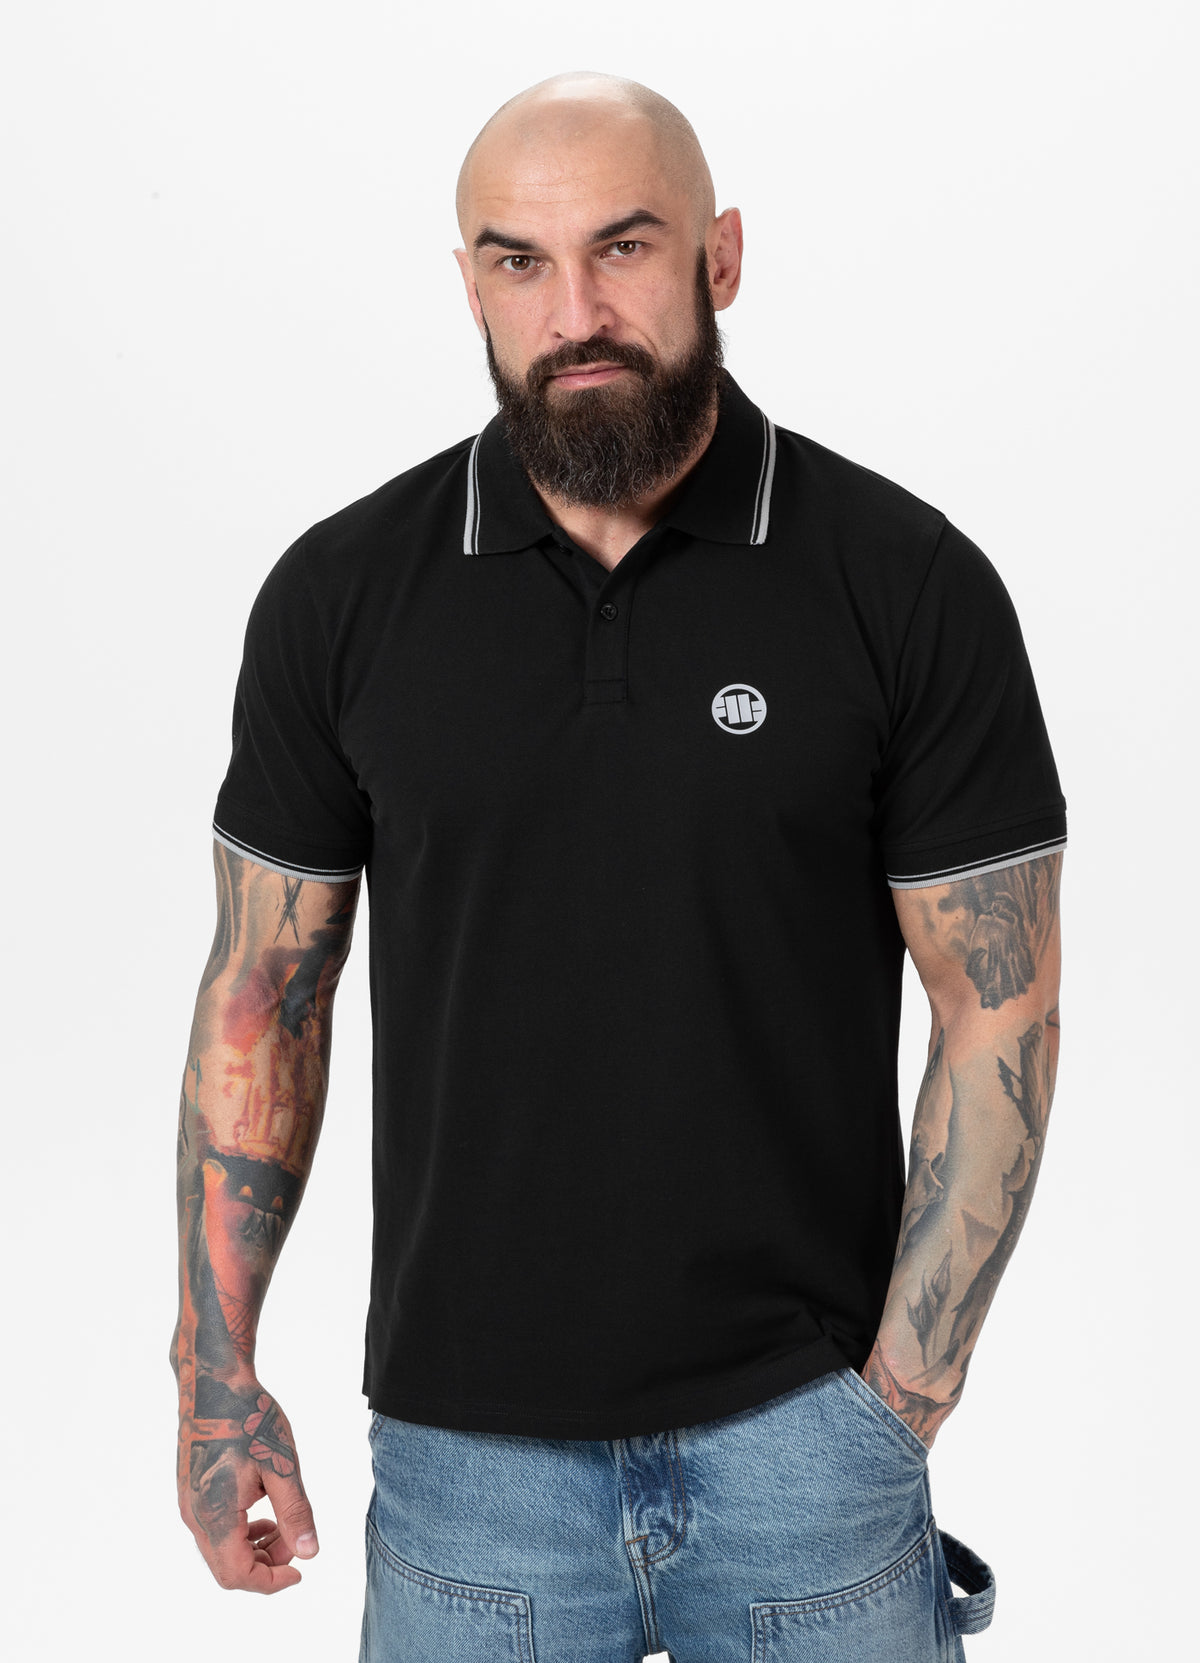 PIQUE STRIPES REGULAR Black Polo T-shirt - Pitbullstore.eu
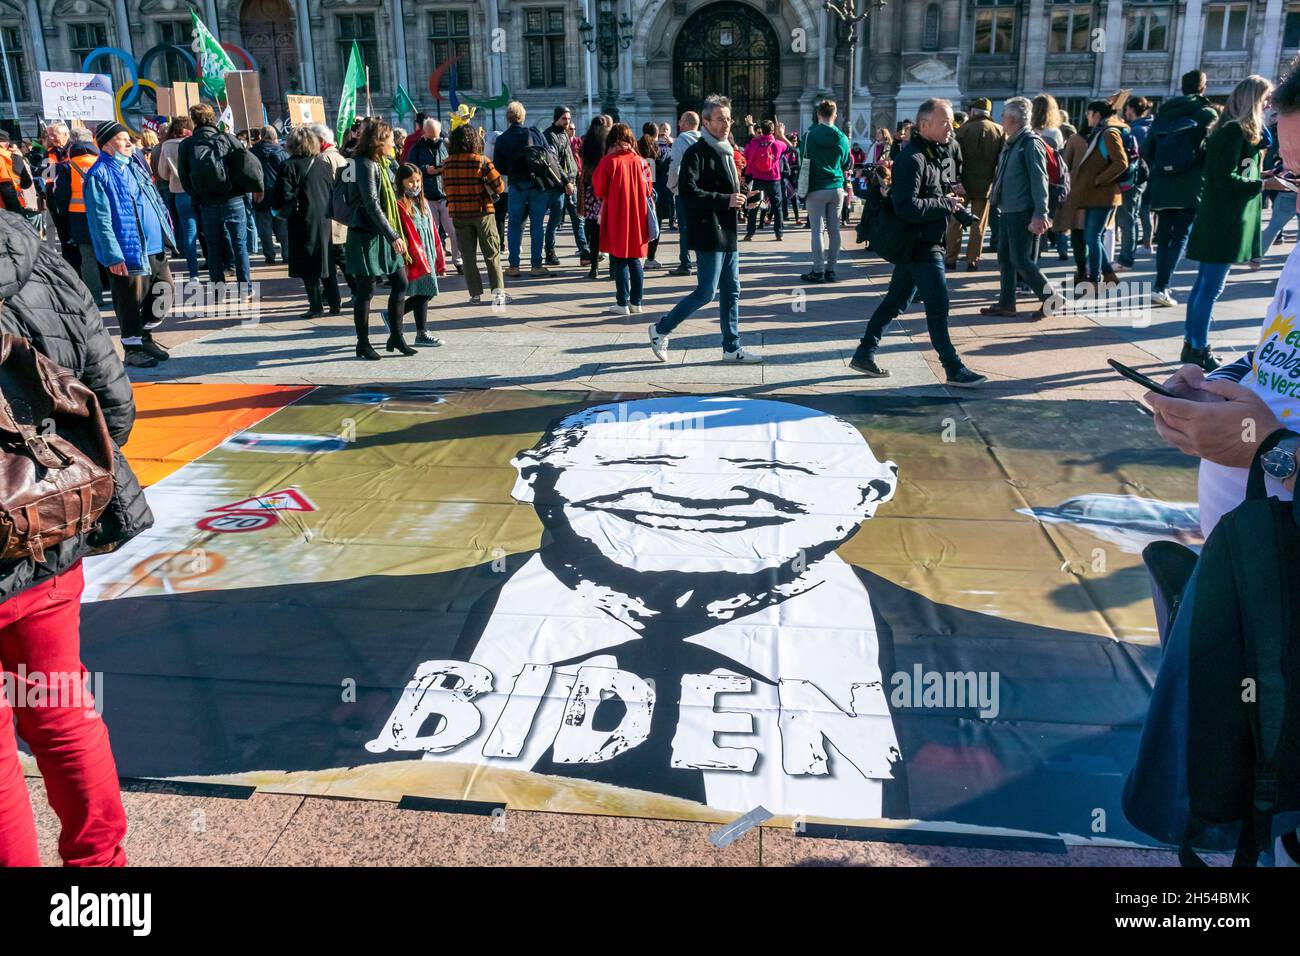 Paris, France, ONG françaises, manifestation contre la crise climatique, scène de protestation de grande foule, personnes tenant des pancartes de protestation, COP 26, Biden, leaders mondiaux, mouvement environnemental français Banque D'Images
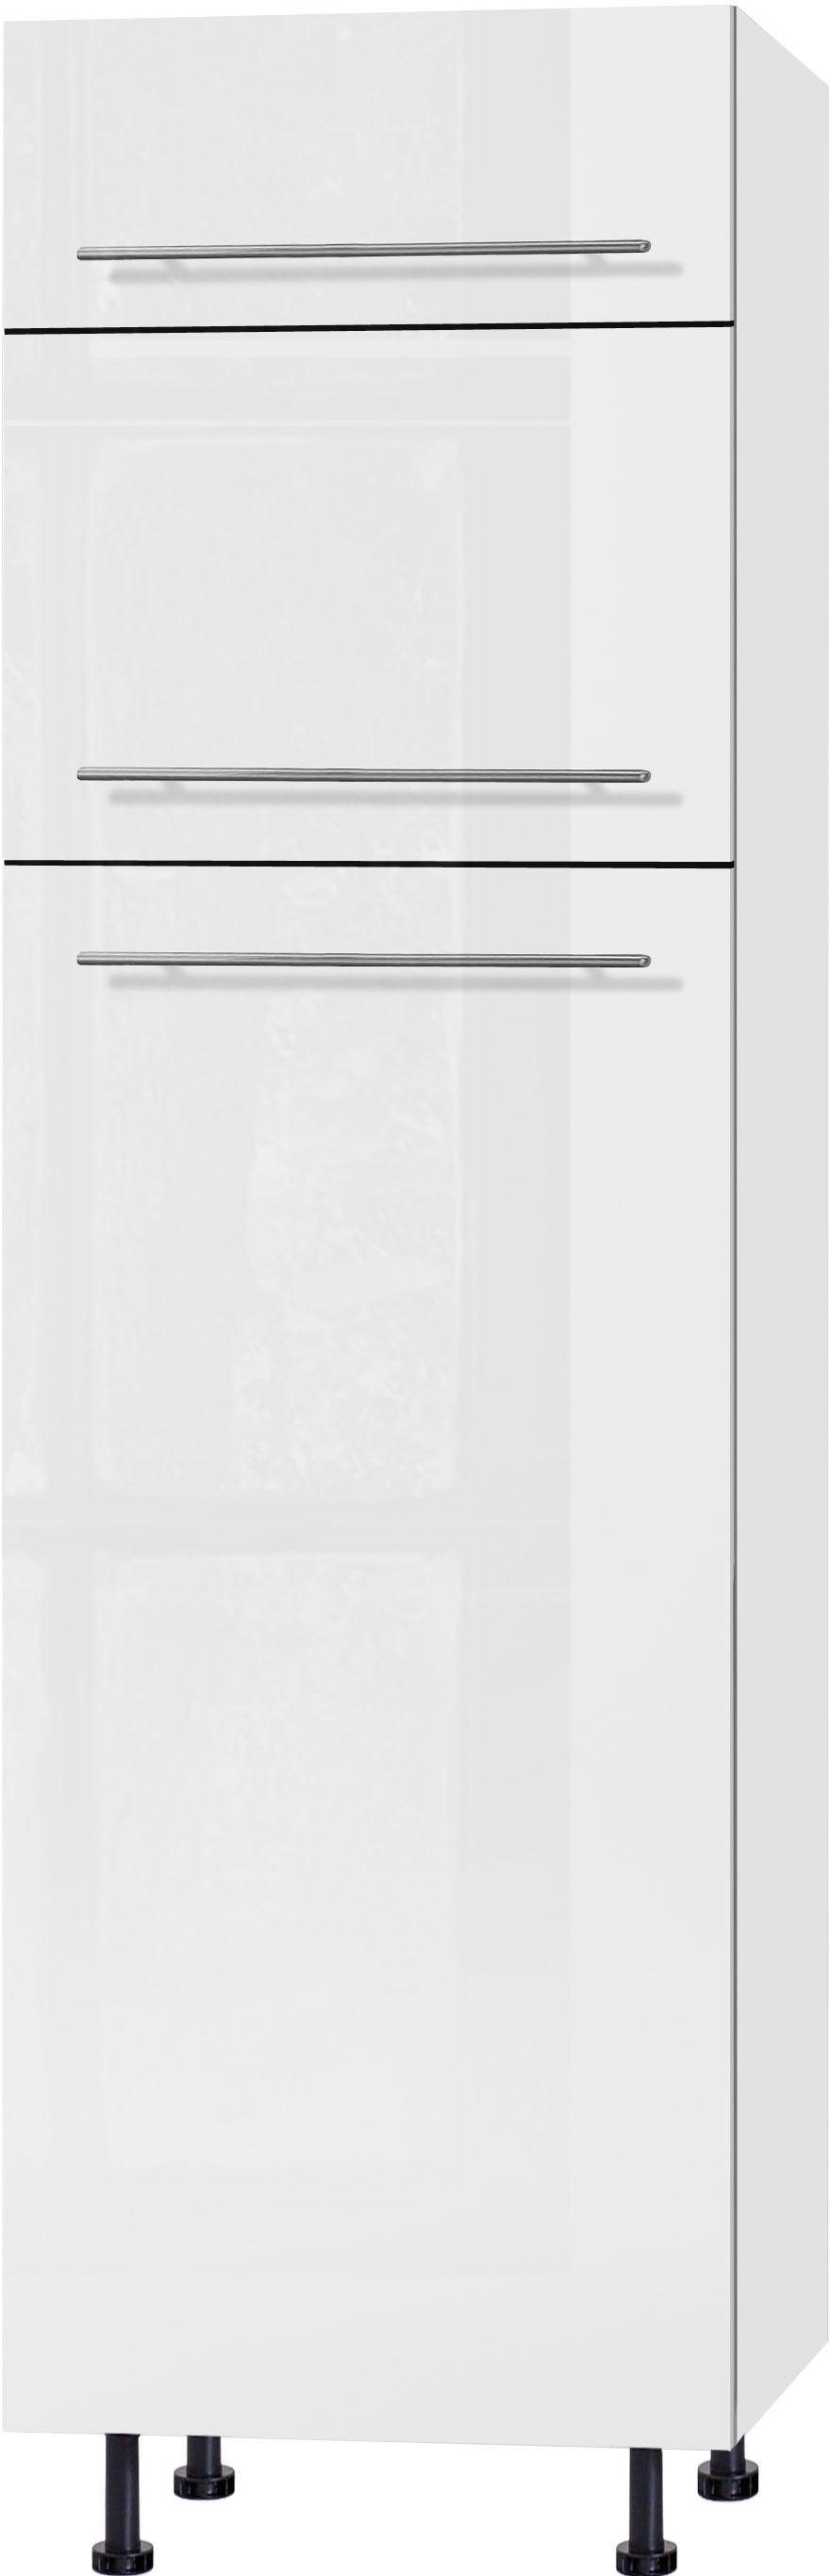 OPTIFIT Kühlumbauschrank Bern 60 cm breit, 212 cm hoch, mit höhenverstellbaren Stellfüßen weiß Hochglanz/weiß | weiß

WORK ITEM
The data must come back word for word, with every picture removed.

SOLUTION
 PIQUE STRIPES REGULAR Black Polo T-shirt - Pitbullstore.eu
 Paris, France, ONG françaises, manifestation contre la crise climatique, scène de protestation de grande foule, personnes tenant des pancartes de protestation, COP 26, Biden, leaders mondiaux, mouvement environnemental français Banque D'Images
 OPTIFIT Kühlumbauschrank Bern 60 cm breit, 212 cm hoch, mit höhenverstellbaren Stellfüßen weiß Hochglanz/weiß | weiß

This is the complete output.